X-Chefin Linda Yaccarino gibt auf
Die Chefin der Online-Plattform X von US-Tech-Unternehmer Elon Musk, Linda Yaccarino, tritt zurück. Sie gebe den Leitungsposten "nach zwei unglaublichen Jahren" auf, schrieb Yaccarino am Mittwoch auf X, ohne einen Grund zu nennen. Einen Tag zuvor war Musks Künstliche-Intelligenz-Chatbot Grok, den X-Nutzer befragen können, wegen Hitler-Verherrlichung in die Kritik geraten. Ob ein Zusammenhang zu Yaccarinos Rücktritt besteht, war vorerst unklar.
Musk dankte Yaccarino für ihre Arbeit. Der Tech-Unternehmer und reichste Mann der Welt hatte den früheren Kurznachrichtendienst Twitter im Oktober 2022 gekauft und benannte ihn später in X um. Er leitete die Onlineplattform zunächst selbst, ernannte dann aber im Mai 2023 die frühere Werbemanagerin Yaccarino zur neuen Chefin. Sie sollte Werbekunden zurückgewinnen, die den Dienst - damals noch unter dem Namen Twitter - nach einer einer Zunahme von Falschinformationen und Hassrede verlassen hatten.
In den vergangenen Monaten gab es jedoch mehrfach scharfe Kritik wegen des Chatbots Grok. Kurz vor Yaccarinos Rückzug löschte Musks Unternehmen Beiträge, in denen Grok den deutschen Diktator Adolf Hitler verherrlicht und Juden pauschal einen "Hass gegen Weiße" unterstellt hatte. Diese Beiträge seien "unangemessen", erklärte der Konzern.
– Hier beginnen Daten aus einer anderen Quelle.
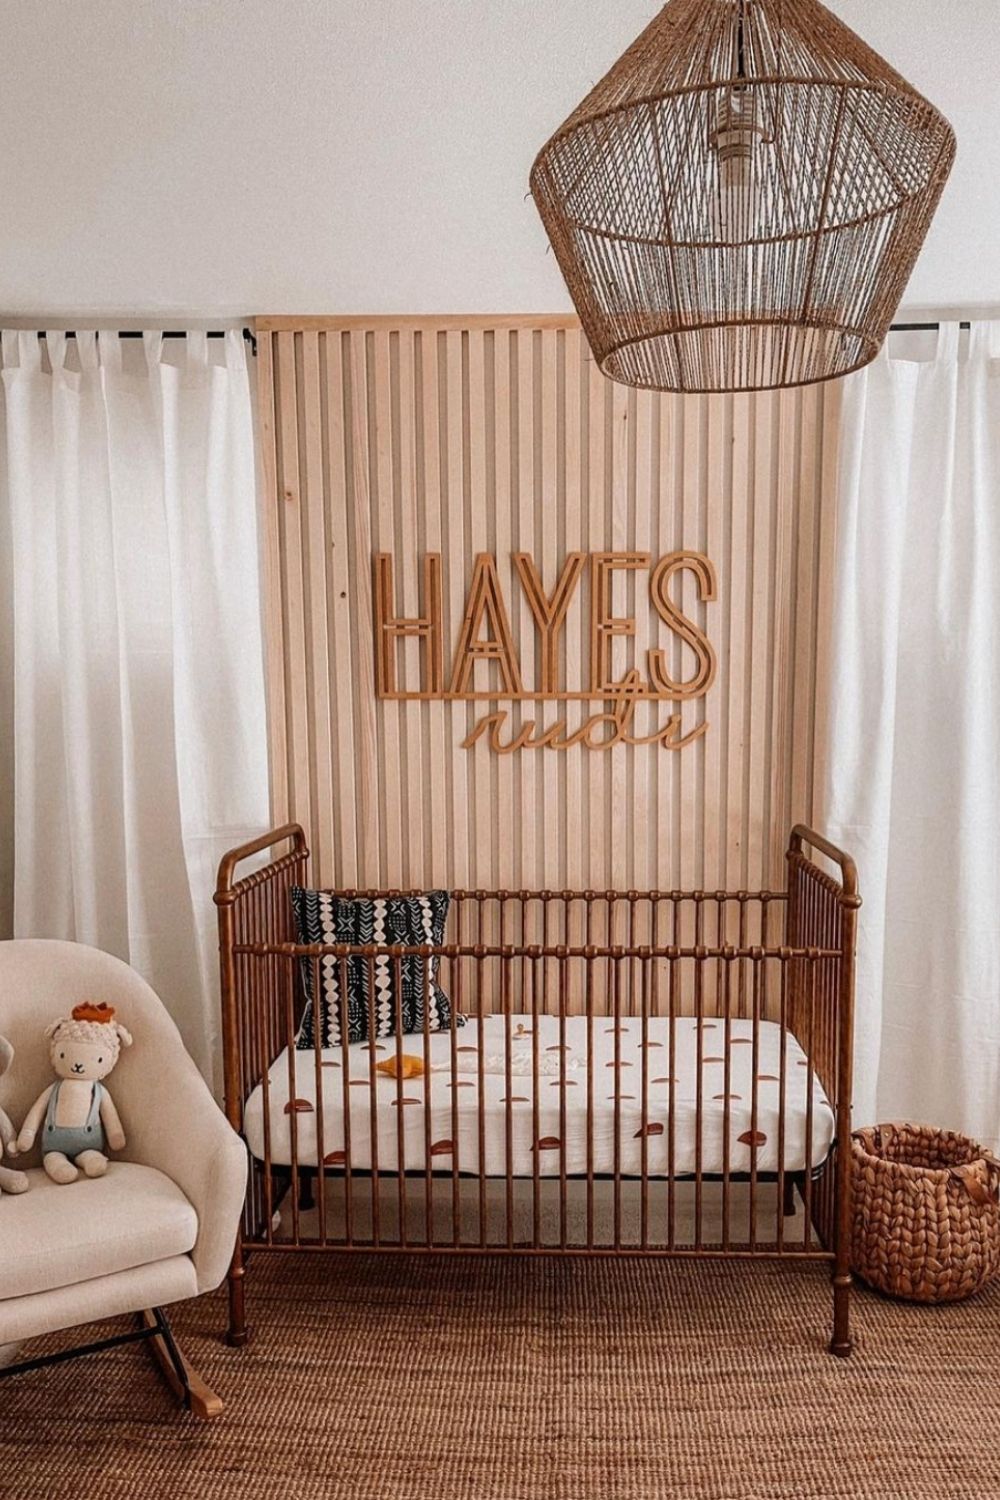 24 Lovely Nursery Room Ideas To Bring Up Your Baby With Taste

Die Grok-Beiträge riefen die US-Nichtregierungsorganisation Anti Defamation League (ADL) auf den Plan, die seit mehr als hundert Jahren gegen Diffamierung von Juden eintritt. Die jüngsten Veröffentlichungen des Chatbots seien "unverantwortlich, gefährlich und antisemitisch", kritisierte die ADL.
Nutzer können Grok auf der Plattform X Fragen stellen, der Chatbot liefert dann mittels Künstlicher Intelligenz (KI) in Sekundenschnelle Antworten. Dabei kam es jedoch mehrfach zu Vorfällen, die ein Schlaglicht auf die Risiken von KI werfen.
In früheren Antworten hatte Grok die Filmindustrie in Hollywood etwa als "überproportional jüdisch" bezeichnet. In der Türkei blockierte ein Gericht in Ankara am Mittwoch zehn Grok-Beiträge, weil darin Präsident Recep Tayyip Erdogan und Republikgründer Atatürk beleidigt worden seien. In den USA hatte es im Mai eine Debatte gegeben, weil Grok von einem "Genozid" an Weißen in Südafrika gesprochen hatte - eine These, die auch US-Präsident Donald Trump vertritt.
Musk hatte Grok Ende 2023 als Konkurrenz zu ChatGPT und anderen KI-Chatbots vorgestellt. Dahinter steht Musks Startup xAI, das der Unternehmer im März mit X zusammenführte. Im Rahmen der Fusion wurde xAI mit 80 Milliarden US-Dollar bewertet, X hingegen nur mit 33 Milliarden Dollar. Am Donnerstag will xAI in San Francisco sein neues Modell Grok4 präsentieren.
Musk sieht sich selbst als radikalen Vertreter der Meinungsfreiheit. Die freie Rede soll auch seine neue "Amerika-Partei" fördern, die der Unternehmer nach einem Zerwürfnis mit Trump erst am Wochenende als Konkurrenz zu den Republikanern gegründet hatte.
Kritiker werfen Musk hingegen vor, er fördere auf X und mit Grok gezielt rechtsextremes Gedankengut. In Deutschland hatte der aus Südafrika stammende Unternehmer vor der Bundestagswahl im Februar Werbung für die AfD gemacht.
Yaccarino lobte X in ihrem Abschiedspost als "digitales Stadtzentrum für alle Stimmen und das weltweit stärkste Kultursignal". Über die Fusion von xAI mit X schrieb sie: "Das Beste kommt noch."